We also want to compute $\nabla_x NN_{\theta}(x)$. ADCME provides a function `fcx`

(short for *fully-connected*)

`y3, dy3 = fcx(x, config, θ)`

Here `dy3`

will be a $10\times 3 \times 2$ tensor, where `dy3[i,:,:]`

is the Jacobian matrix of the $i$-th output with respect to the $i$-th input (Note the $i$-th output is independent of $j$-th input, whenever $i\neq j$).

## Prediction

After training a neural network, we can use the trained neural network for prediction.
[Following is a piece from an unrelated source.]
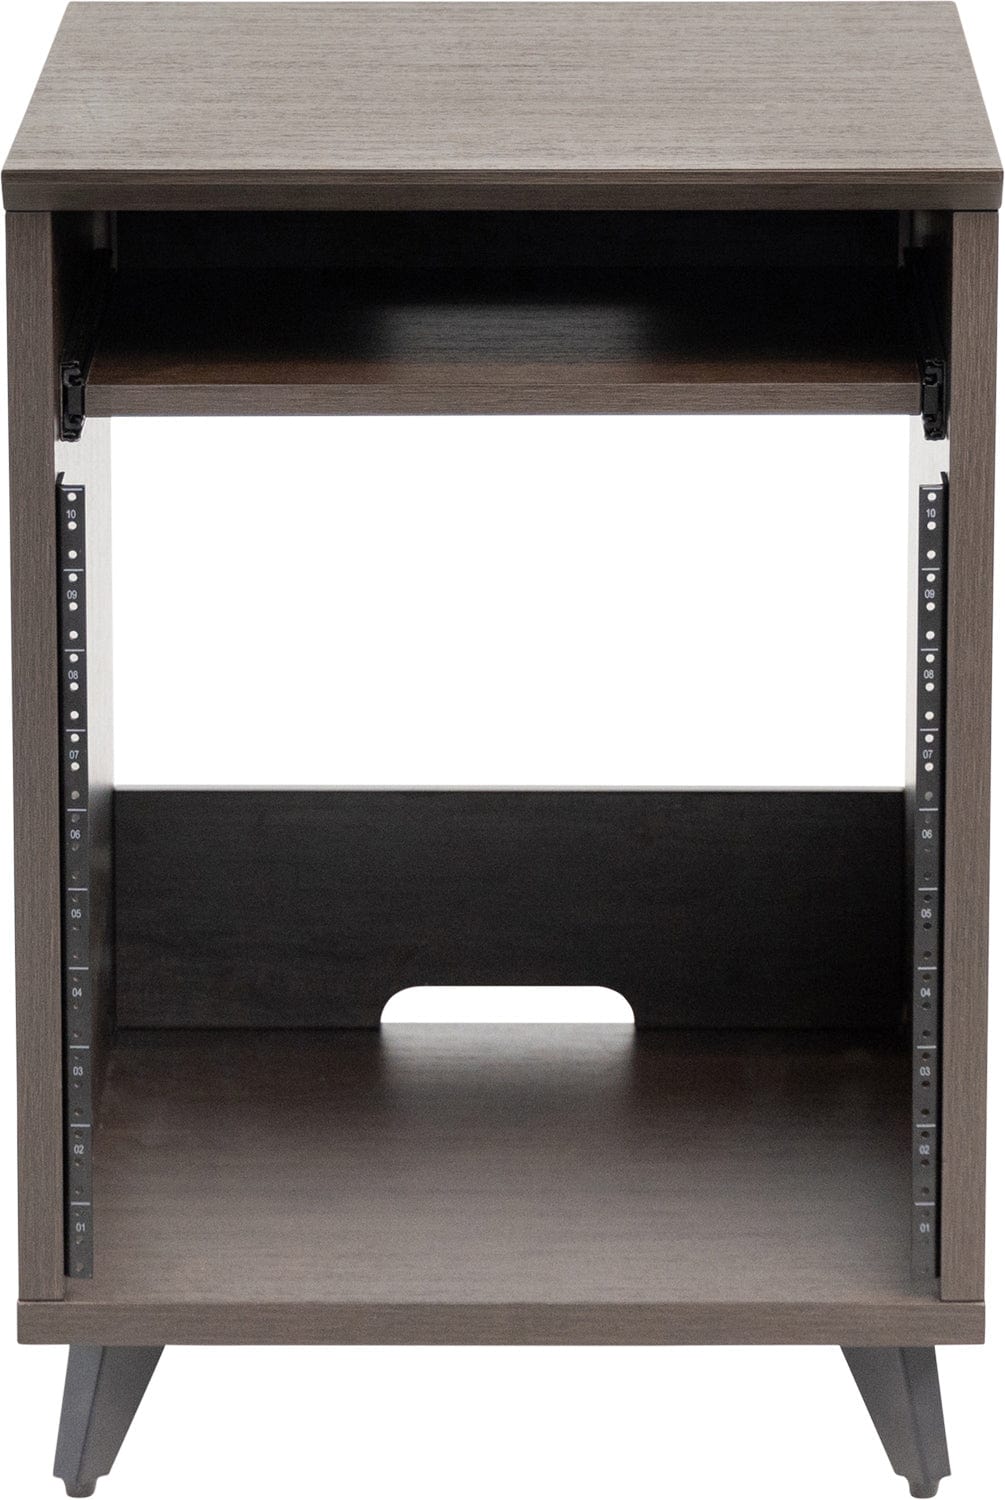 Gator GFW-ELITEDESKRK-B Elite Furniture 10U Rack Table Dark Walnut - PSSL ProSound and Stage Lighting

Here is an example

```
using ADCME
x_train = rand(10,2)
x_test = rand(20,2)
y = fc(x_train, [20,20,10])
y_obs = rand(10,10)
loss = sum((y-y_obs)^2)
sess = Session(); init(sess)
BFGS!(sess, loss)
# prediction
run(sess, fc(x_test, [20,20,10]))
```

Note that the second `fc`

does not create a new neural network, but instead searches for a neural network with the label `default`

because the default label is `default`

. If you constructed a neural network with label `mylabel`

: `fc(x_train, [20,20,10], "mylabel")`

, you can predict using

`run(sess, fc(x_test, [20,20,10], "mylabel"))`

## Save the Neural Network

To save the trained neural network in the Session `sess`

, we can use

`ADCME.save(sess, "filename.mat")`

This will create a `.mat`

file that contains all the **labeled** weights and biases. If there are other variables besides neural network parameters, these variables will also be saved.
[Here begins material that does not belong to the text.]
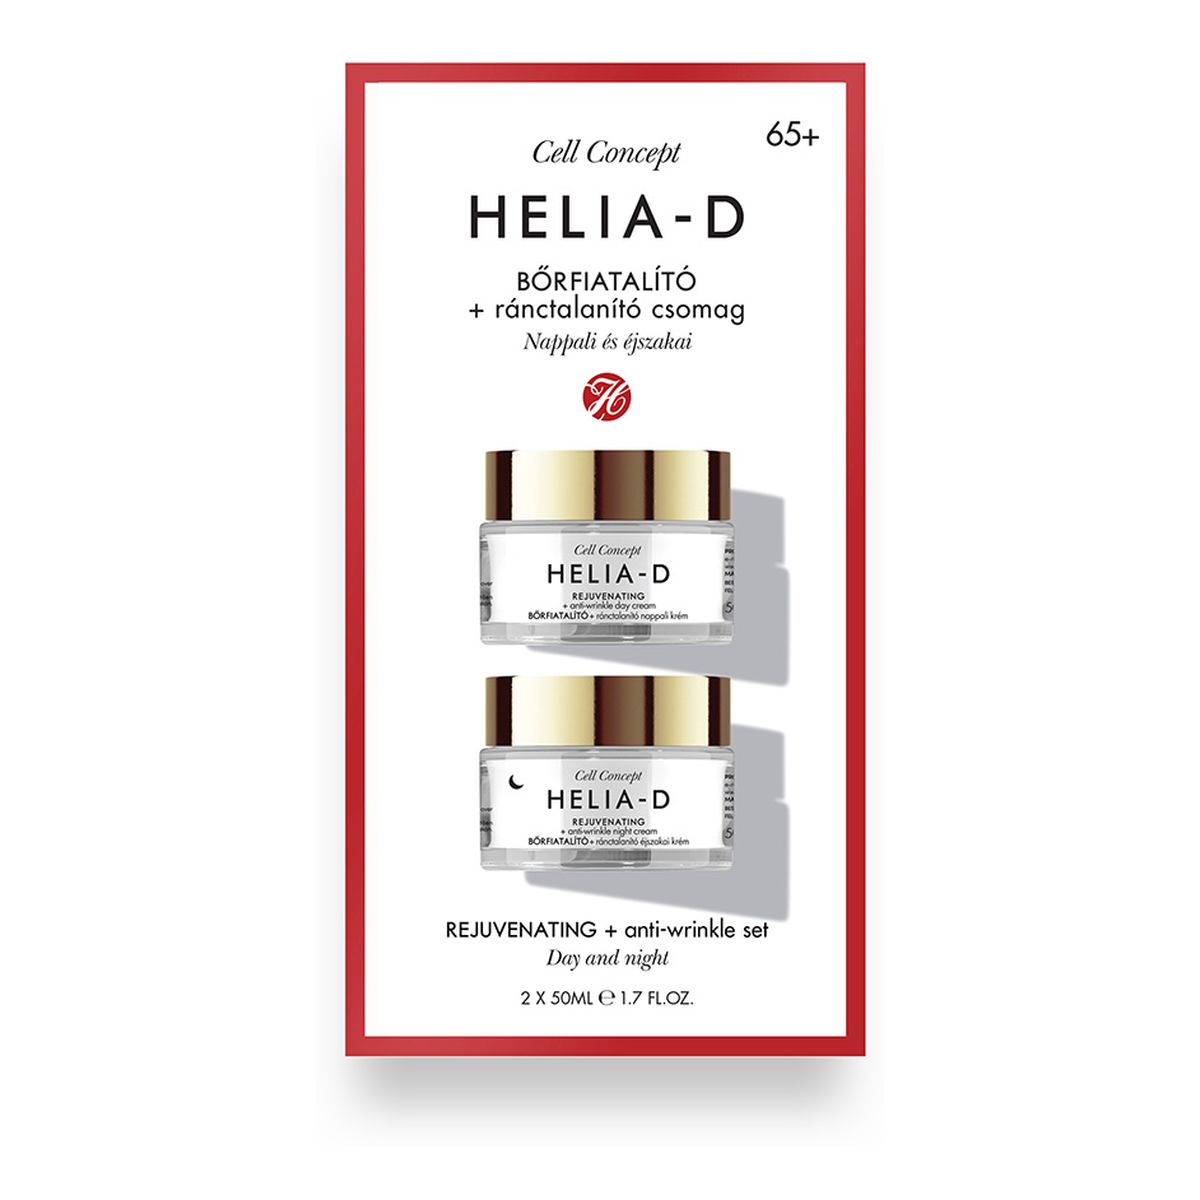 Helia-D Cell Concept Rejuvenating + Anti-wrinkle 65+ Zestaw przeciwzmarszczkowy krem na dzień + przeciwzmarszczkowy krem na noc 2×50ml

To load the weights and biases to the current session, create a neural network with the same label and run

`ADCME.load(sess, "filename.mat")`

## Convert Neural Network to Codes

Sometimes we may also want to convert a fully-connected neural network to pure Julia codes. This can be done via `fc_to_code`

.

After saving the neural network to a mat file via `ADCME.save`

, we can call

`ae_to_code("filename.mat", "mylabel")`

If the second argument is missing, the default is `default`

. For example,

```
julia> ae_to_code("filename.mat", "default")|>println
let aedictdefault = matread("filename.mat")
global nndefault
function nndefault(net)
W0 = aedictdefault["defaultbackslashfully_connectedbackslashweightscolon0"]
b0 = aedictdefault["defaultbackslashfully_connectedbackslashbiasescolon0"];
isa(net, Array) ? (net = net * W0 .+ b0') : (net = net *W0 + b0)
isa(net, Array) ? (net = tanh.(net)) : (net=tanh(net))
#-------------------------------------------------------------------
W1 = aedictdefault["defaultbackslashfully_connected_1backslashweightscolon0"]
b1 = aedictdefault["defaultbackslashfully_connected_1backslashbiasescolon0"];
isa(net, Array) ? (net = net * W1 .+ b1') : (net = net *W1 + b1)
isa(net, Array) ? (net = tanh.(net)) : (net=tanh(net))
#-------------------------------------------------------------------
W2 = aedictdefault["defaultbackslashfully_connected_2backslashweightscolon0"]
b2 = aedictdefault["defaultbackslashfully_connected_2backslashbiasescolon0"];
isa(net, Array) ? (net = net * W2 .+ b2') : (net = net *W2 + b2)
return net
end
end
```

## Advance: Use Neural Network Implementations from Python Script/Modules

If you have a Python implementation of a neural network architecture and want to use that architecture, we do not need to reimplement it in ADCME. Instead, we can use the `PyCall.jl`

package and import the functionalities. For example, if you have a Python package `nnpy`

and it has a function `magic_neural_network`

. We can use the following code to call `magic_neural_network`

```
using PyCall
using ADCME
nnpy = pyimport("nnpy")
x = constant(rand(100,2))
y = nnpy.magic_neural_network(x)
```

Because all the runtime computation are conducted in C++, there is no harm to performance using this mechanism.